Even a quieter El Nino season will not bring North Carolina package pricing back, because the cost of rebuilding the state is structurally higher now and the rebuild of western North Carolina is still underway.
What does this look like for one real renewal?
To make it concrete, take a small multifamily property in Raleigh: five to 50 units, gross income under $500,000, replacement cost value under $3 million, built before 1980, with a renewal due in 90 days. The broker has come back and said the market is hard and this is the best price available. Here is what the data adds.
The estimated rate online, the cost per $1,000 of coverage, comes in around $4.99. Two of the building's own characteristics are pulling that price down: its replacement cost value is worth about a 23.4% reduction and its rent profile about 15.7%. So the asset itself looks good. What pushes the number back up is location and placement: the carrier is adding about 12.3% and the geographic region another 9.8%.
That distinction matters, because the carrier is a placement decision, not a fixed market condition. Looking at who actually writes this risk, there are only a couple of carriers in the peer set, roughly Nationwide near $6.95 and a Westchester surplus lines option near $7, a tight and expensive range with no low-cost carrier competing at the bottom. That tells you where the leverage is, and it is not carrier shopping.
The conversation with your broker is less about carrier shopping and more about the factors you can actually influence, like policy structure, which here is pulling price down by about 10.1%.
The point of the scenario is that the levers are visible. You can see which factors are helping you, which are hurting you, who is competing for the risk, and where there is room to move, instead of accepting a single number with no context.
Will a strong El Nino bring relief?
This is the trap. La Nina is fading, NOAA has issued an El Nino watch, and some models point to a strong El Nino arriving around peak hurricane season. The instinct is that fewer storms must mean lower insurance costs. That is not how pricing works.
El Nino suppresses storm activity on average, but it does not eliminate risk; Hurricane Andrew, one of the most destructive storms in US history, came during an El Nino year, and one storm is all it takes to reset a market. More importantly, carriers are not waiting to reprice downward. The reset that happened in North Carolina, and the pricing baked in across six years, does not automatically unwind when the cycle flips.
La Nina priced these markets up asymmetrically. El Nino will not price them back down the same way.
The one piece of good news is visibility: if carrier appetite starts to shift or competition opens back up at the bottom of the market, it shows up in the transaction data before most owners feel it at renewal.
What should you actually do before your renewal?
The episode lands on three audiences. If you own or operate in a named storm market, the CPI floor should change how you think about timing. Waiting out a hard market in the hope that pricing returns to where it was is no longer supported by the data, because the floor is higher every year. Waiting is not a strategy; understanding what is driving your specific number and finding the available leverage is.

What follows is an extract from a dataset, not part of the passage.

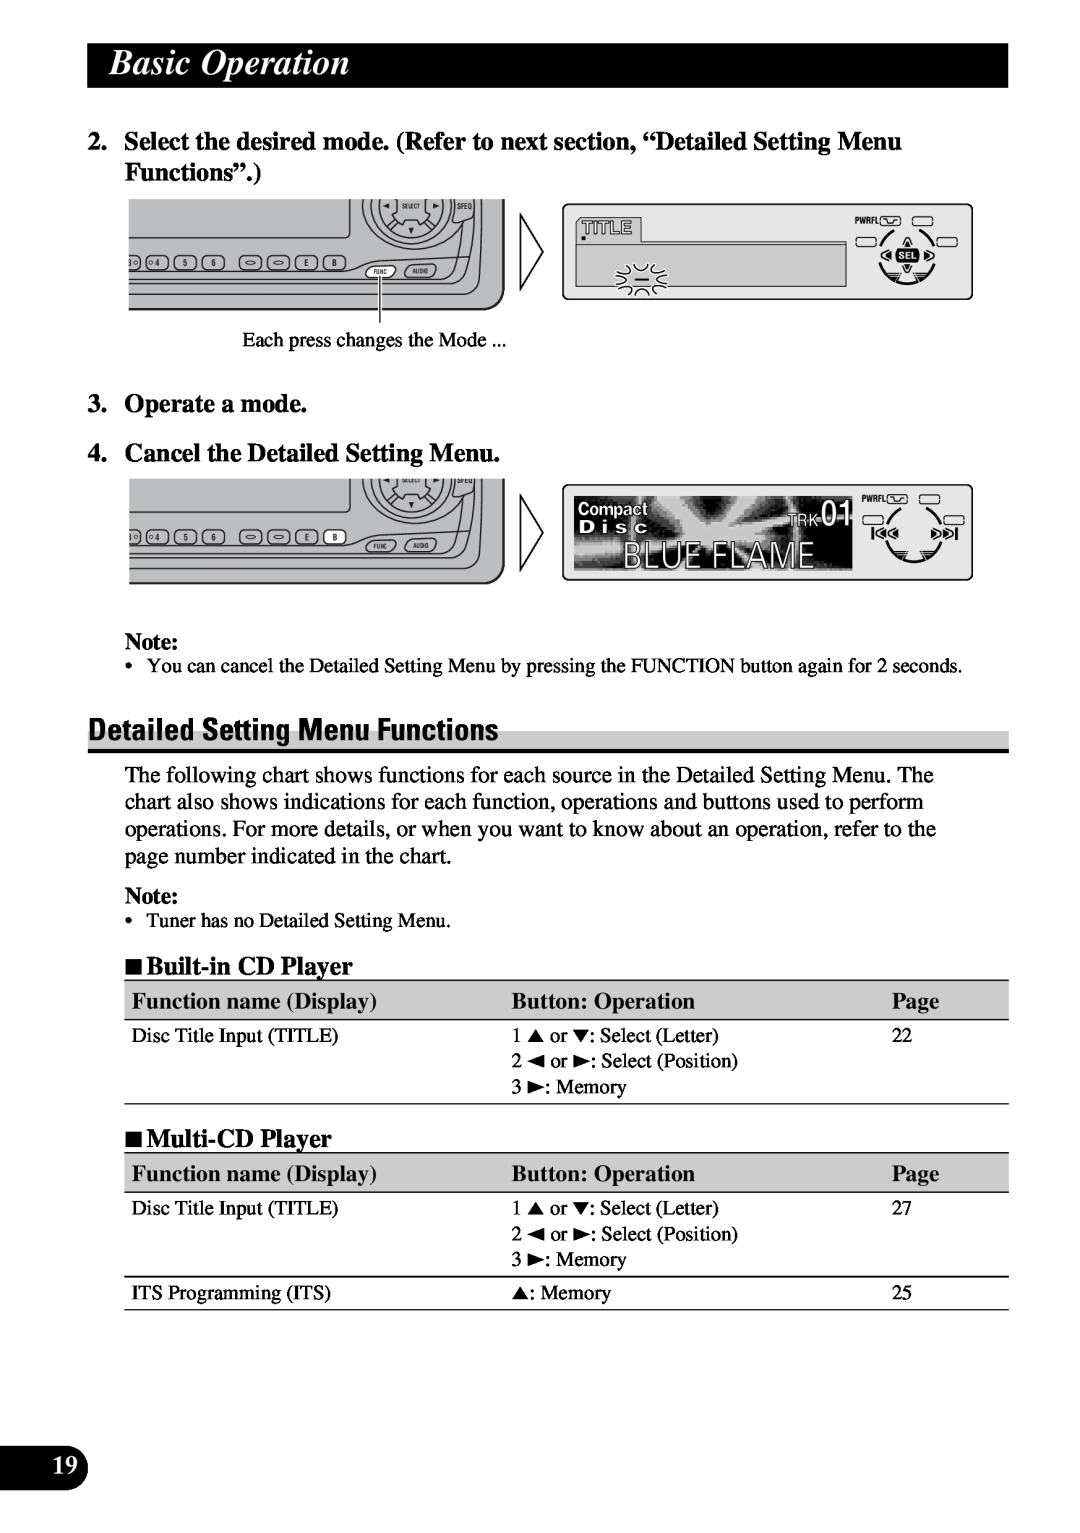 Pioneer DEH-P6300, DEH-P7300 Detailed Setting Menu Functions, Operate a mode 4. Cancel the Detailed Setting Menu, Page

If you own in North Carolina, the construction overlay is worth sitting with, because it says the market has not found its new normal yet. You are renewing in a market that is still actively repricing itself, so the factor analysis is where any leverage will show up.
And if you are a lender or debt fund underwriting in these markets, the two overlays should change how you model insurance going forward. It is not enough to look at current pricing and assume it reverts to the mean. A named storm market with a rising CPI floor and a North Carolina-style market still finding its baseline produce materially different net operating income projections over a five-year hold, and most models do not distinguish between them.
That is not a weather story. That is a pricing story. And the things driving it underneath, inflation, construction cost, and carrier concentration, are all visible in the data.